Itoi sur la fin de sa vie, photographié devant un portrait de Tatsuhachirô, son père. (© M. Mikami)
La sincérité faite homme
En 1986, Itoi a fait l’objet d’une rétrospective à l’occasion de l’exposition « Le Japon des Avant-gardes, 1910-1970 » au Centre Pompidou à Paris. En 2009, ses œuvres ont également été présentées au Musée des Beaux Arts de Miyagi à l’occasion de « L’Avant-Garde Miyagi » (Zen’ei no Miyagi) et on a pu voir son travail dans les galeries de tout le Japon. Son côté « contre-culture » excentrique a pu un temps le desservir mais son travail est de plus en plus reconnu par la critique. Bruno Fernandès, spécialiste de l’avant-garde japonaise, a fait paraître en 2023 une biographie d’Itoi en français intitulée « Dadakan ! – Nu intègre descendant les préjugés ».

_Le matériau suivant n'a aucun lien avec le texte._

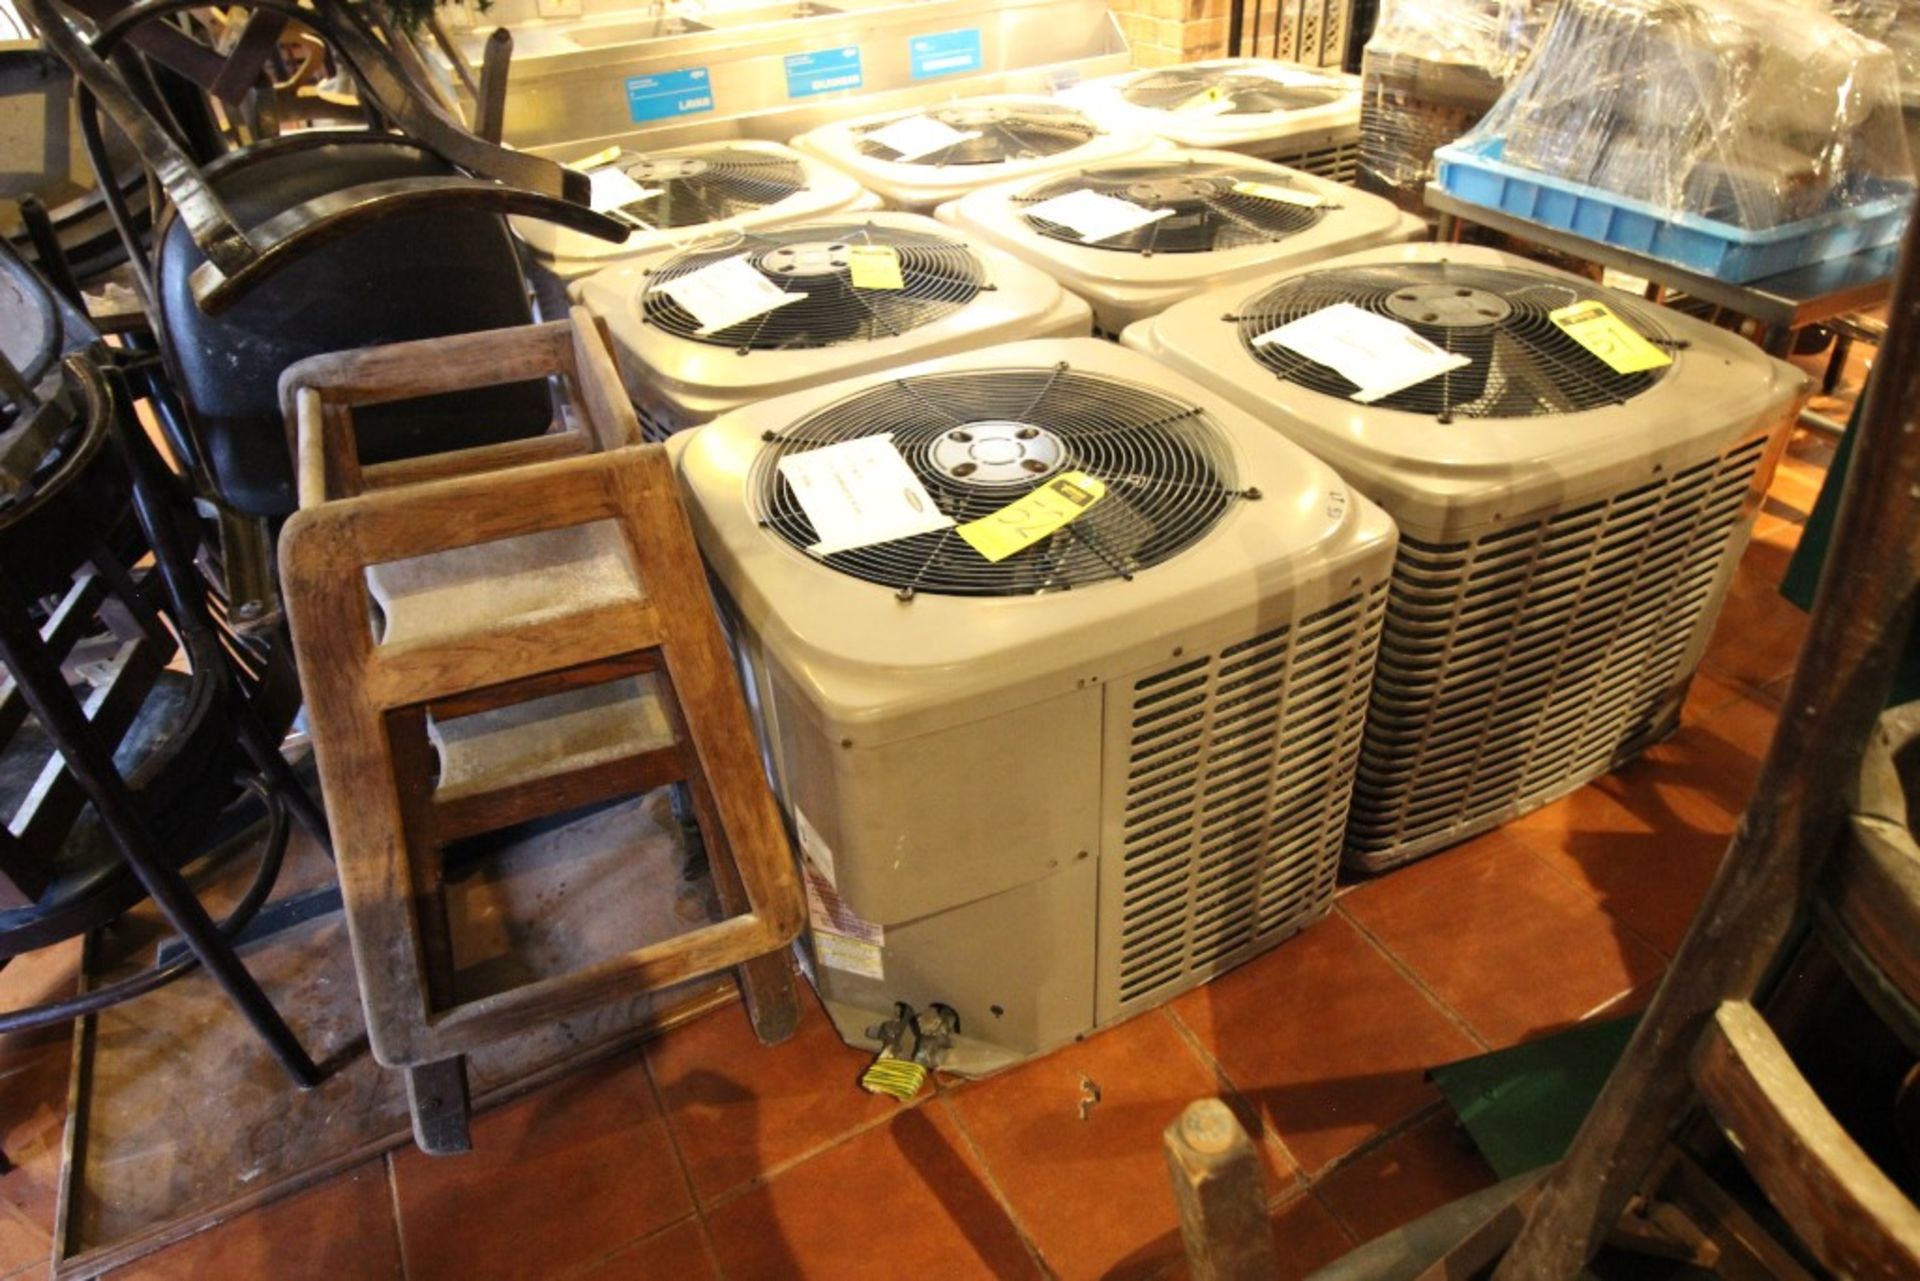 3 Unidades Condensadoras para aire acondicionado de un ventilador marca York, modelo:YCJD36S41S1A, - Image 17 of 19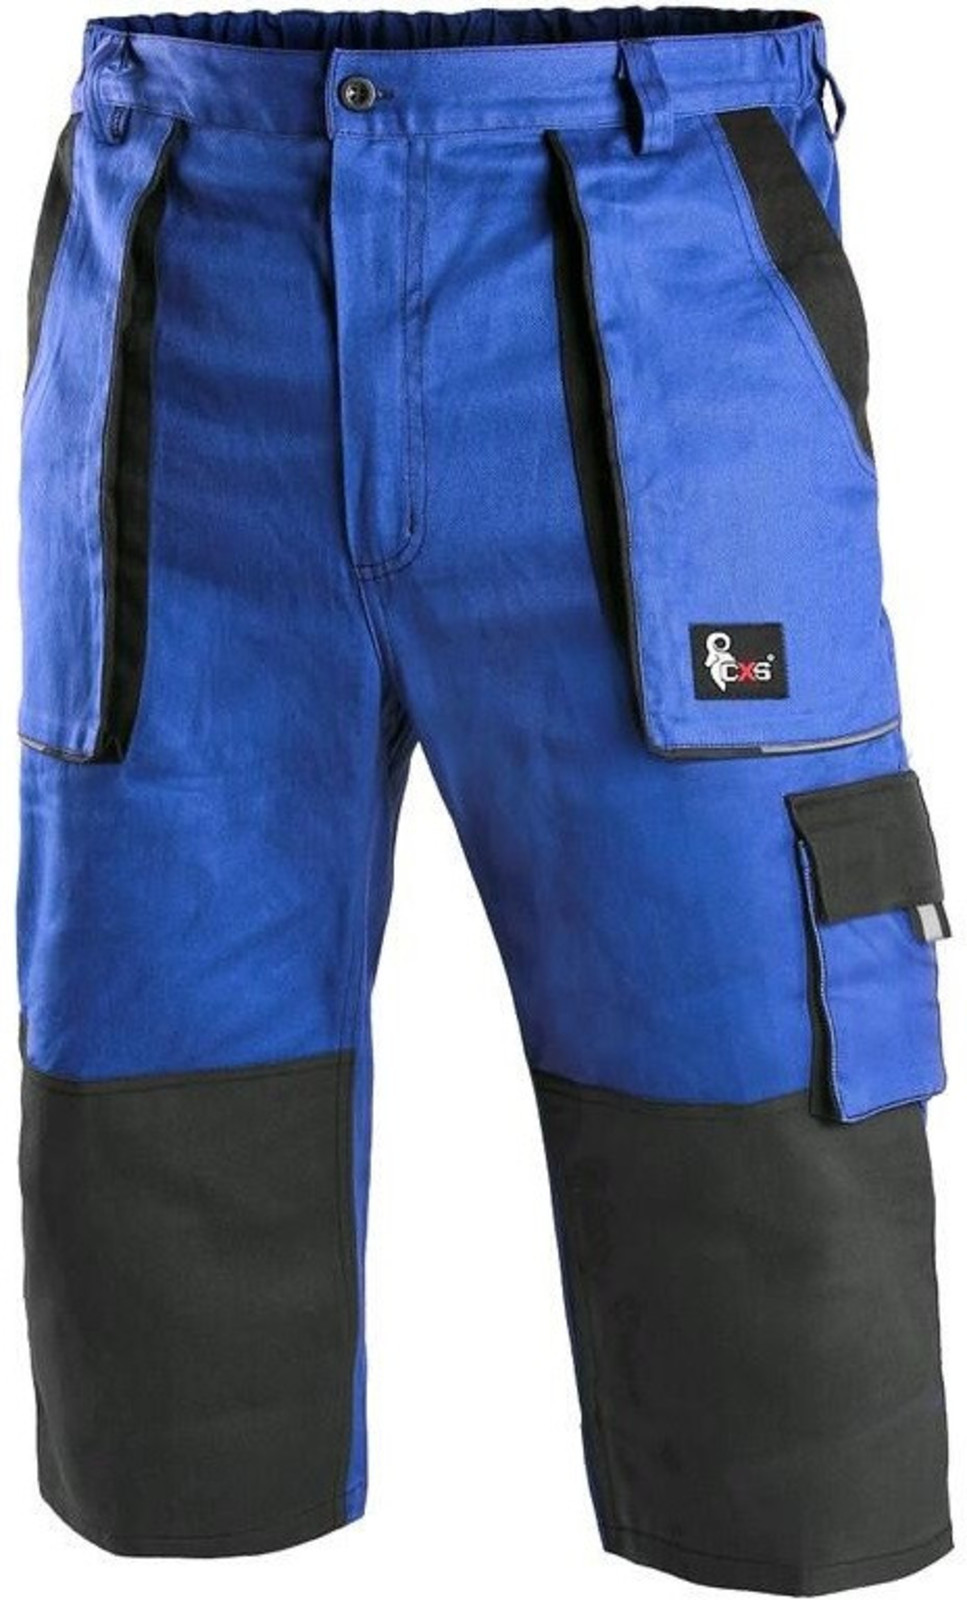 Pánske montérkové 3/4 nohavice CXS Luxy Patrik - veľkosť: 64, farba: modrá/čierna

Voici ce que la revue Artscape, dans son numéro du 16 octobre 2016 a fait remarquer sous la plume du célèbre critique d’art Fukuzumi Ren :
Plusieurs commentateurs ont bel et bien parlé ce grand artiste, mais la plupart se sont contentés de présenter Itoi sous les traits d’un anticonformiste ou d’une exception. Je pense au contraire que Dadakan est un artiste qui, tant par ses happenings que son impulsivité, a incarné l’essence même de l’art, et ce de la manière la plus pure, la plus juste et la plus authentique qui soit. Itoi avait d’ailleurs bien conscience que Dadakan était aux yeux de tous un artiste « hors normes ».